A short life of the author
Andrew Miller (born 1960) is a British novelist whose fiction explores moments of historical and personal crisis with a precision and empathy that have made him one of the most consistently excellent novelists working in English. His range is remarkable: from the eighteenth-century picaresque of Ingenious Pain (1997) to the pre-revolutionary Paris of Pure (2011) to the psychological aftermath of war in Now We Shall Be Entirely Free (2018), each novel creates a fully realised world and populates it with characters whose moral and emotional lives are rendered with a depth that literary historical fiction rarely achieves.
Life
Miller was born in Bristol, England, and grew up in the West Country. He studied at the University of East Anglia, where he took the famous creative writing MA under Malcolm Bradbury — a programme whose alumni include Ian McEwan, Kazuo Ishiguro, and Anne Enright. He also studied in Spain and Japan, and has spoken of his affinity for non-English literary traditions — particularly Japanese and Spanish literature — as formative influences on his prose style.
Ingenious Pain (1997)
Miller’s debut novel follows James Dyer, a man born without the capacity to feel pain — or any physical sensation — in eighteenth-century England. Dyer’s condition makes him a prodigy: he becomes a surgeon of extraordinary skill (he can operate without flinching) and a spectacle exhibited for public wonder. The novel traces his journey from insensibility to feeling — a transformation that is both literal and moral.
Ingenious Pain won the International Dublin Literary Award (IMPAC) — at the time the world’s most valuable prize for a single novel — and the James Tait Black Memorial Prize. The novel established Miller’s characteristic mode: historical settings deployed not for period charm but as laboratories for exploring states of consciousness that the modern world has lost or suppressed.
Pure (2011)
Set in Paris in 1785, on the eve of the Revolution, the novel follows Jean-Baptiste Baratte, a young engineer sent from Normandy to demolish the ancient cemetery of Les Innocents — a vast, overflowing charnel house in the heart of the city whose stench and contagion have become intolerable. The demolition becomes a metaphor for the destruction of the old regime itself: as Baratte removes the bones, the social and political structures around him begin to collapse.
Pure won the Costa Book of the Year Award and was widely praised as Miller’s finest achievement — a novel that uses a single, concrete task (clearing a cemetery) to embody the larger process of revolutionary destruction and renewal.
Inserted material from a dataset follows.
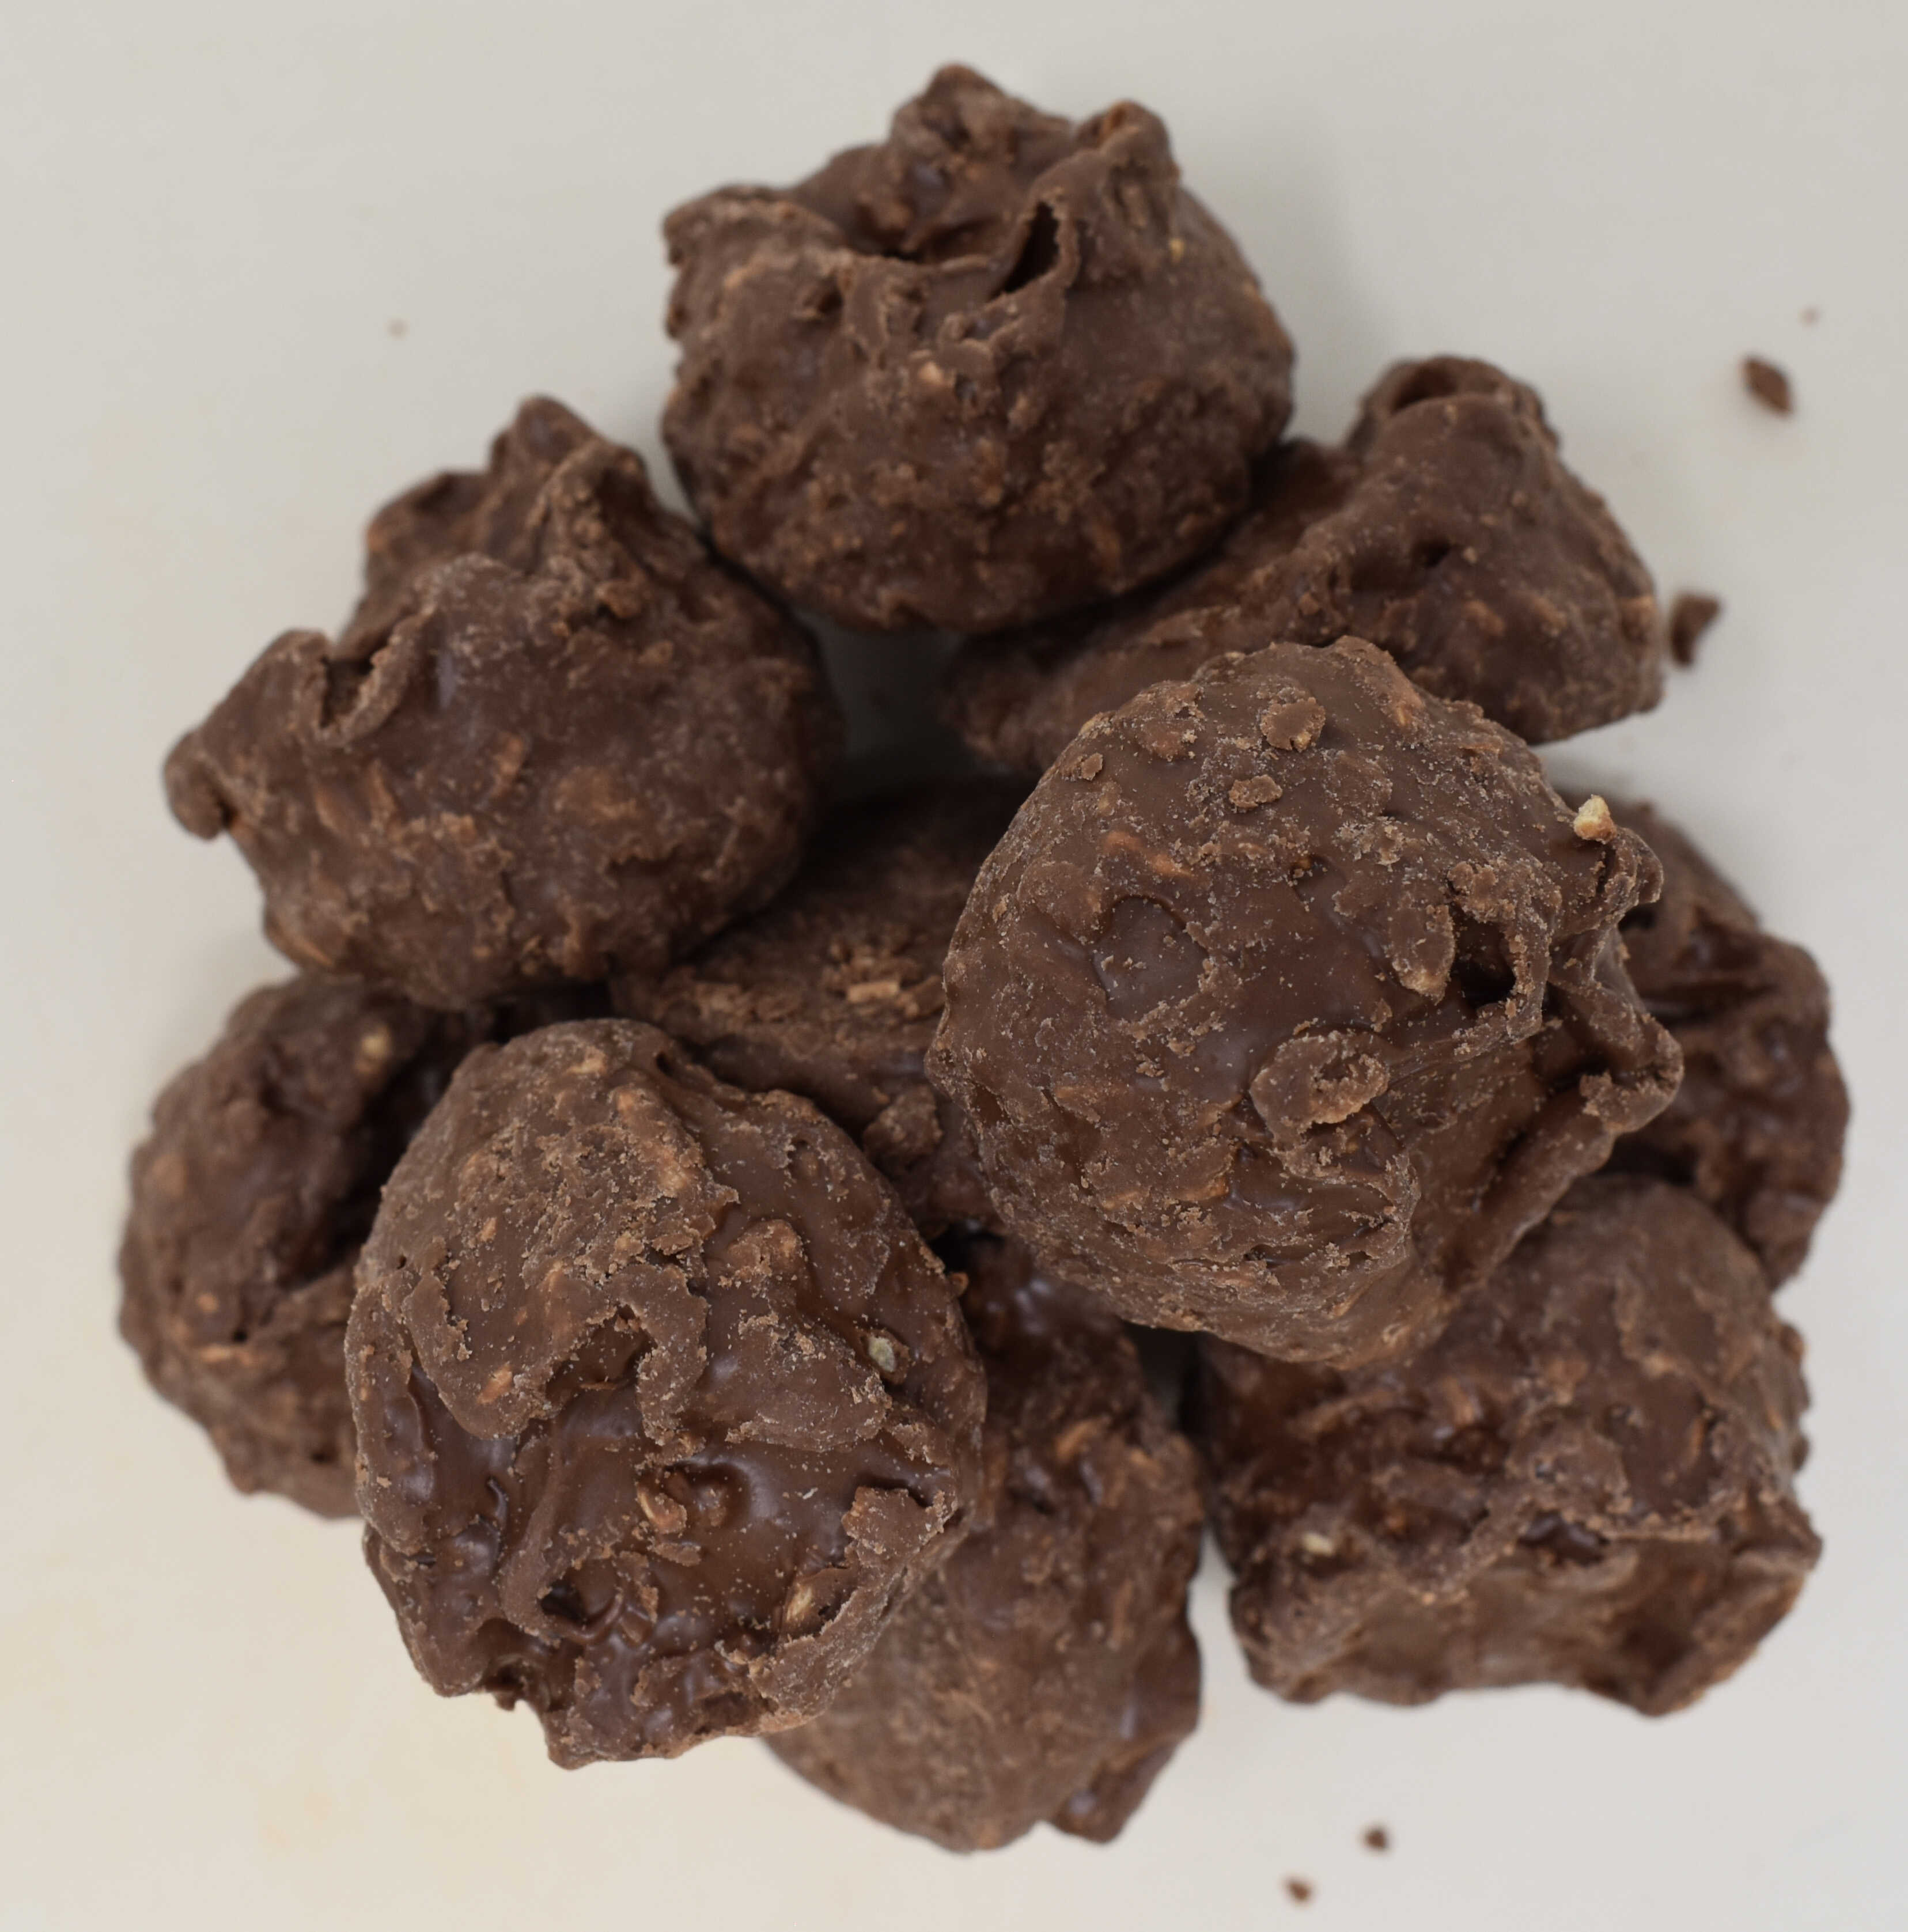 Chocolate Coconut Clusters - Top Photo

Now We Shall Be Entirely Free (2018)
Miller’s most recent novel follows John Lacroix, a British officer who has participated in atrocities during the Peninsular War, as he flees to the Scottish Highlands and the Hebrides to escape both his pursuers and his own moral ruin. Two soldiers are sent after him by a colonel who fears Lacroix will expose the crimes committed under his command.
The novel is a meditation on the possibility of moral recovery after participation in violence — a question that connects the Napoleonic Wars to every subsequent conflict. Miller writes the Highland and island landscapes with a painter’s eye, and Lacroix’s gradual, tentative reawakening to beauty and connection is handled with extraordinary delicacy.
Other Novels
Casanova (1998) reimagines the last years of the famous lover — old, broken, writing his memoirs in a Bohemian castle. Oxygen (2001) follows two brothers dealing with their mother’s death from cancer, intercut with the story of a Hungarian translator — a novel about language, grief, and the limits of communication. The Optimists (2005) explores a foreign correspondent’s psychological collapse after covering atrocities. One Morning Like a Bird (2008) is set in Tokyo in 1940, following a young Japanese man on the edge of militarism.
Critical Standing
Miller is consistently praised by reviewers and has won major prizes, but he remains less widely known than his achievements warrant — a victim, perhaps, of the modesty and quietness of his public persona. He does not produce novels at the pace the market expects, and each book is markedly different from the last, which makes him difficult to categorise or brand.
His prose is distinguished by its clarity, its sensory precision, and its refusal of sentimentality. He writes about suffering, violence, and moral failure without either flinching from them or wallowing in them.
Collecting Miller
Ingenious Pain (1997, Sceptre) in first edition with dust jacket brings $50–$150. Pure (2011, Sceptre) firsts are $30–$80. His novels are not yet heavily collected, making current first editions excellent value for prescient collectors. Signed copies are available from UK bookshop events.